Welcome to December! For this month, I will be sharing parts of a short story I have written entitled, “Paths Unfollowed”. I hope that you enjoy it, and please give me feedback if you have any. I always jump at the chance to make my writing better.

 

“Paths Unfollowed: Part One”


The ache began in her hips and slowly crept through her entire body until each bone creaked and groaned. She tossed and turned all night, wondering why her body hurt, sweating from the intense heat she could not escape. Nightmares of broken glass and emergency sirens and the nauseating scent of blood. She felt herself calling out in her slumber, and for hours, she tried to pull herself from the incessant dreams.


Wake up. Wake up. Wake up!


When she finally managed to break free, letting her groggy eyes adjust to the real world, she noticed the emptiness of the room in which she lay. It was almost silent; the sort of quiet that comes when something is wrong, and the only sound she could find was a tiny beeping in her ears. She looked around at the covered white room, and whispered, “Where am I?”
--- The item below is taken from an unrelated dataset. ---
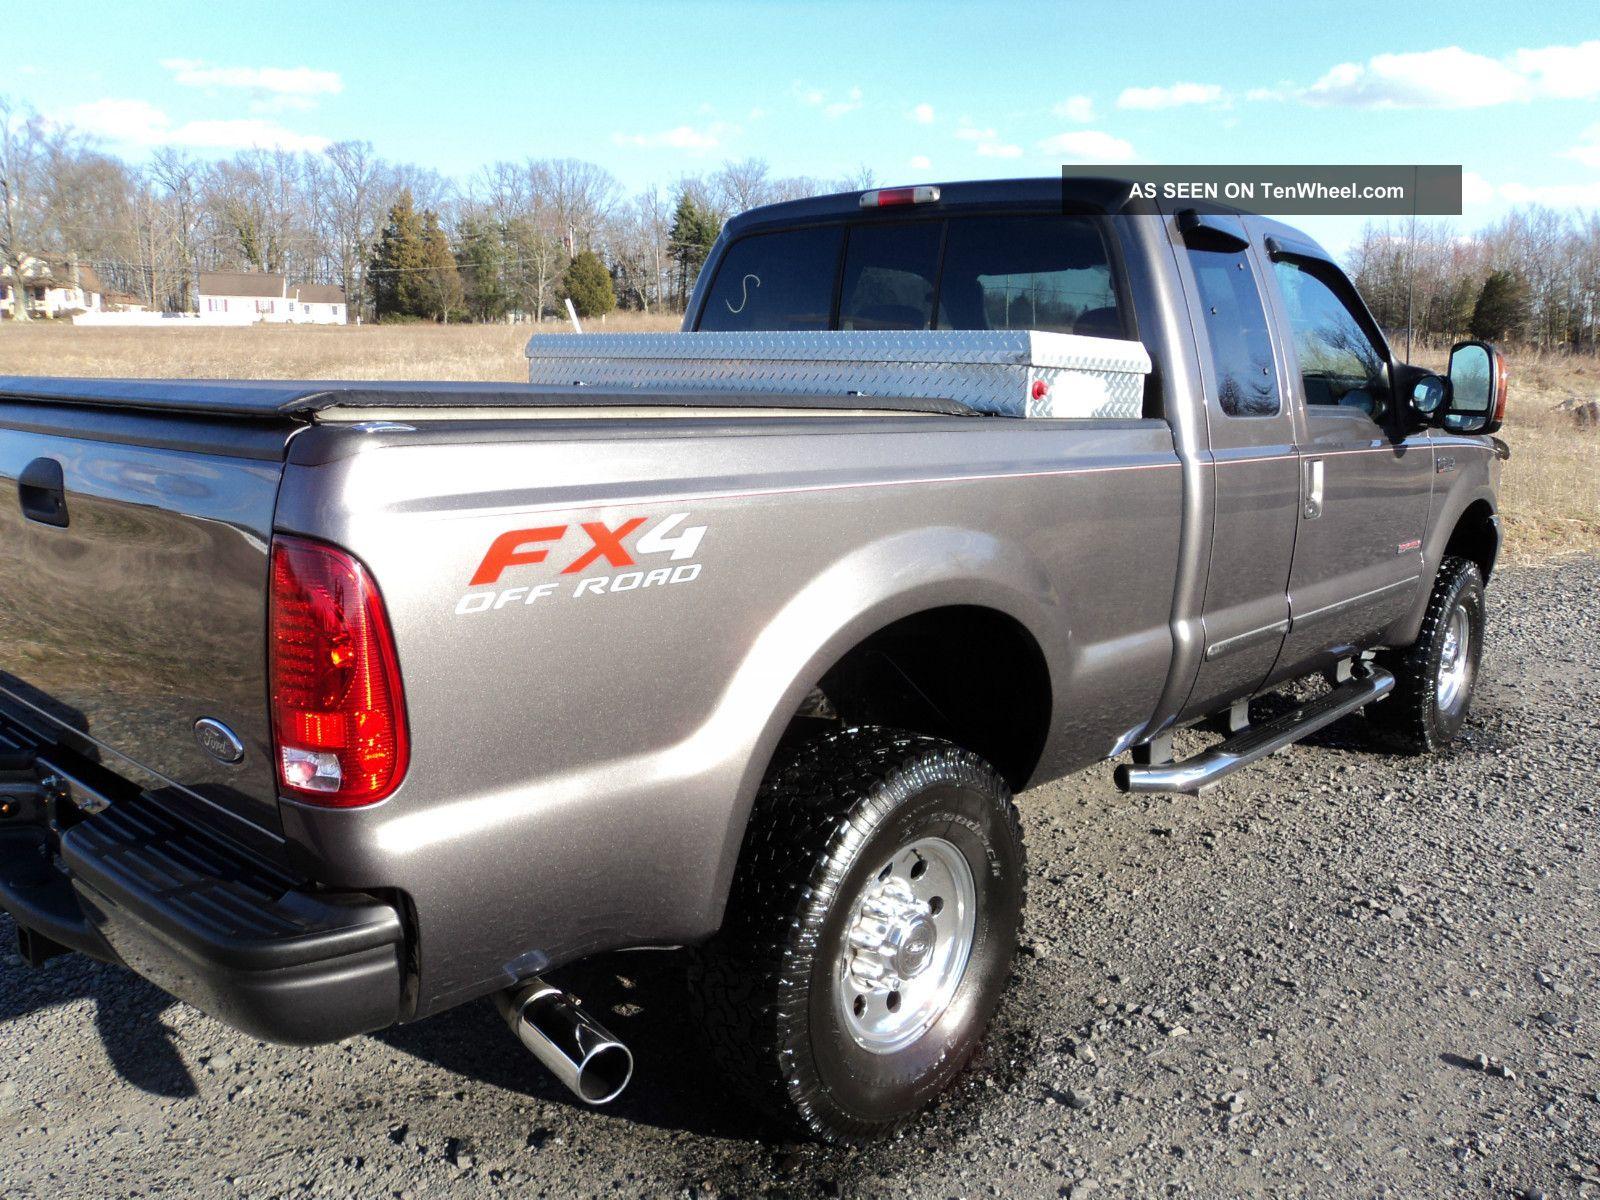 2003 Ford F250 Powerstroke Diesel Fx4 Ext Cab 4x4  16900
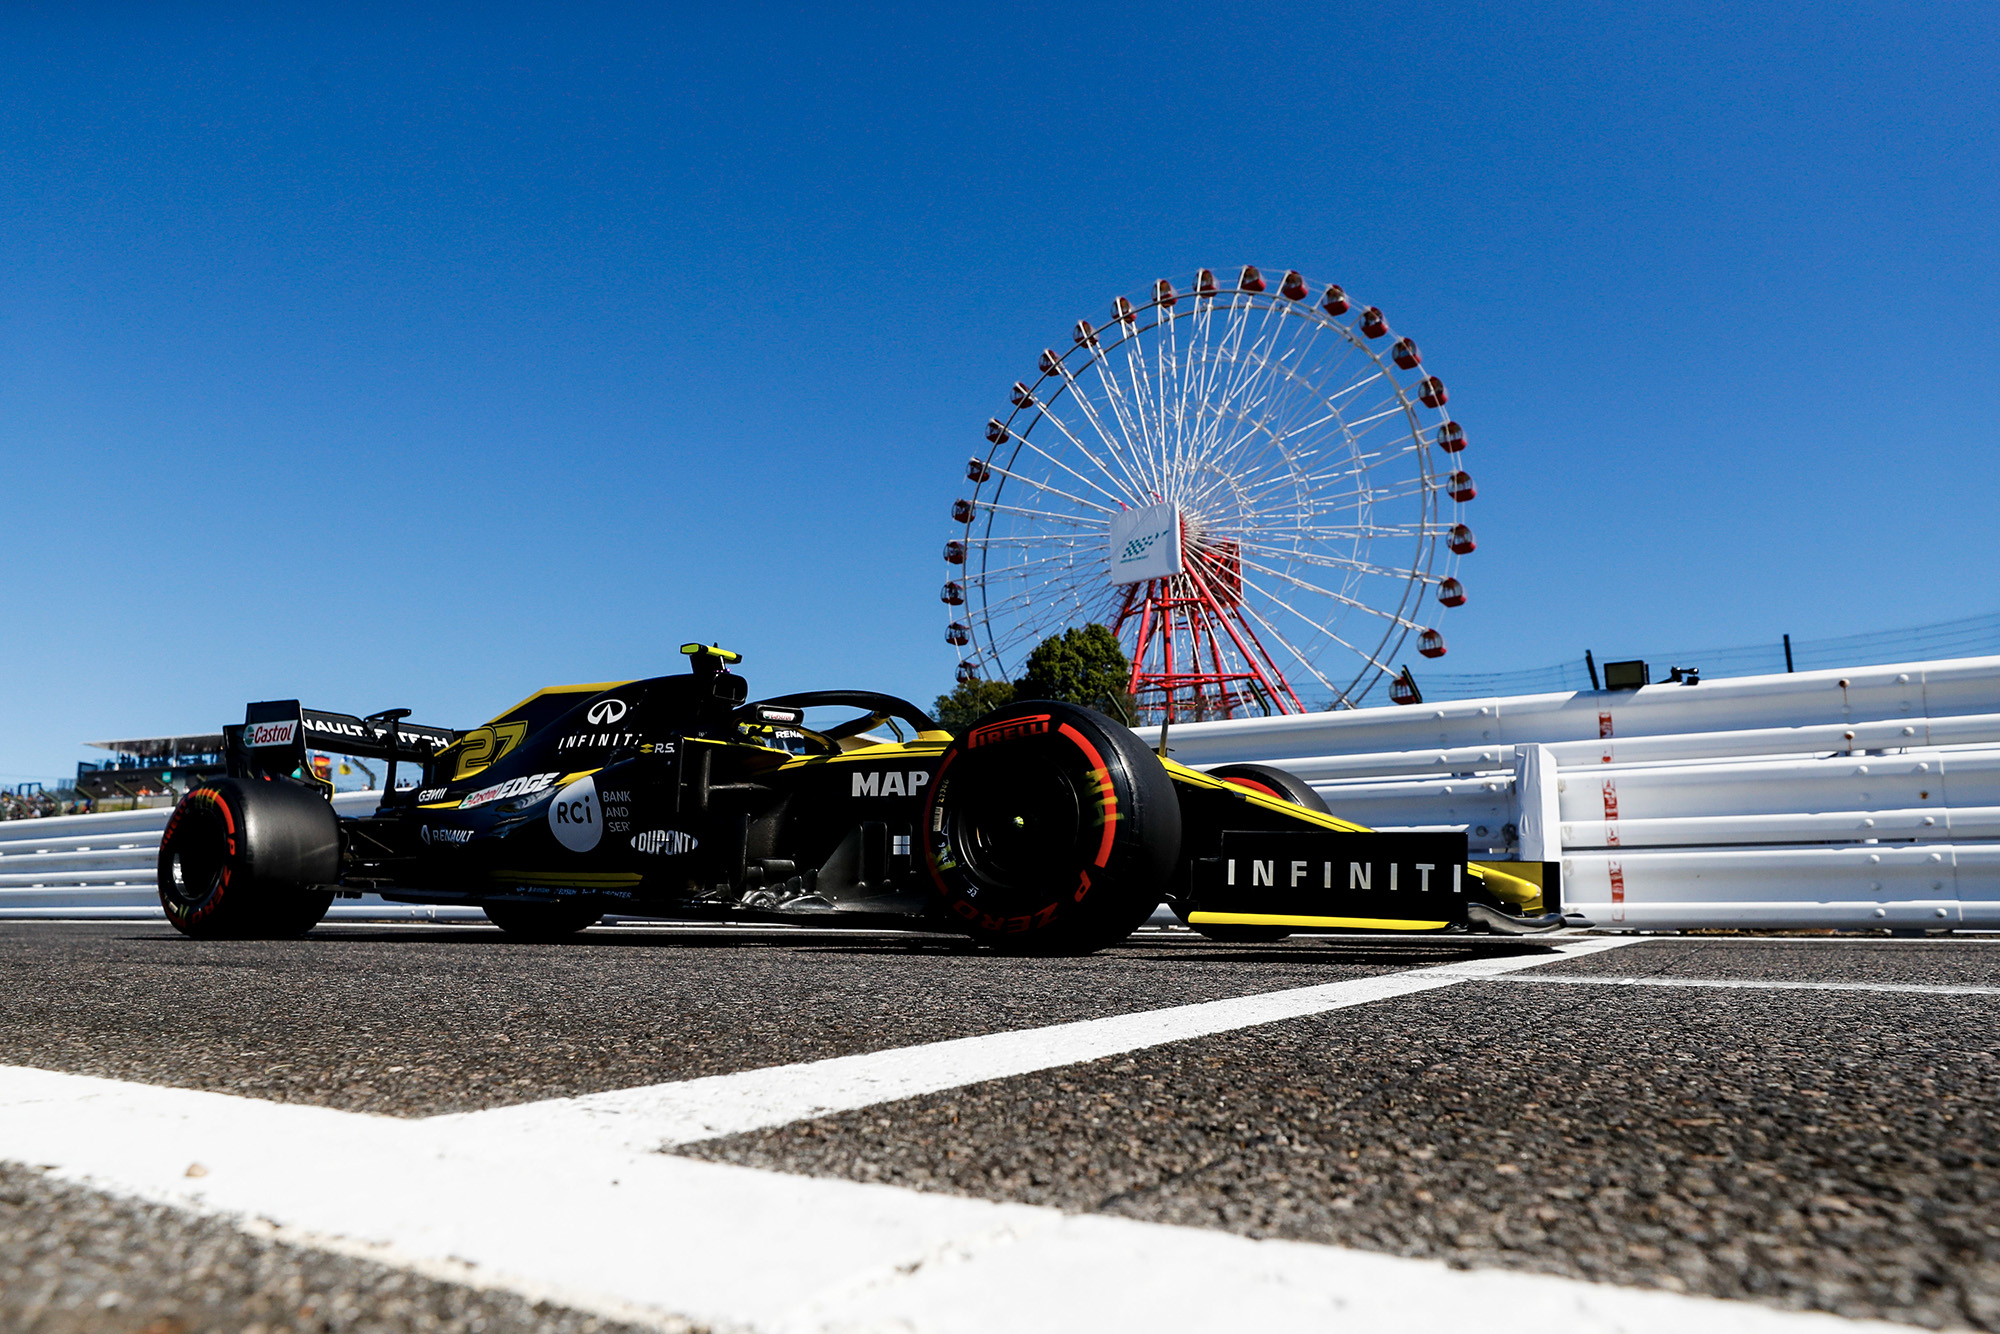 Nico Hulkenberg's Renault in front of Suzuka's big wheel at the 2019 Japanese Grand Prix

“You’re in the hospital, Ellen,” a voice suddenly poked out of the cold silence. There sat a man on the couch, covered in a black cloak and hood, and though she could not see his face, she knew there was an evil smirk lurking beneath it.


She examined the space around her, noting the uncomfortable hospital bed and the monitors attached to her by the needles in her hand, “What do you mean? Who are you? How do you know my name?”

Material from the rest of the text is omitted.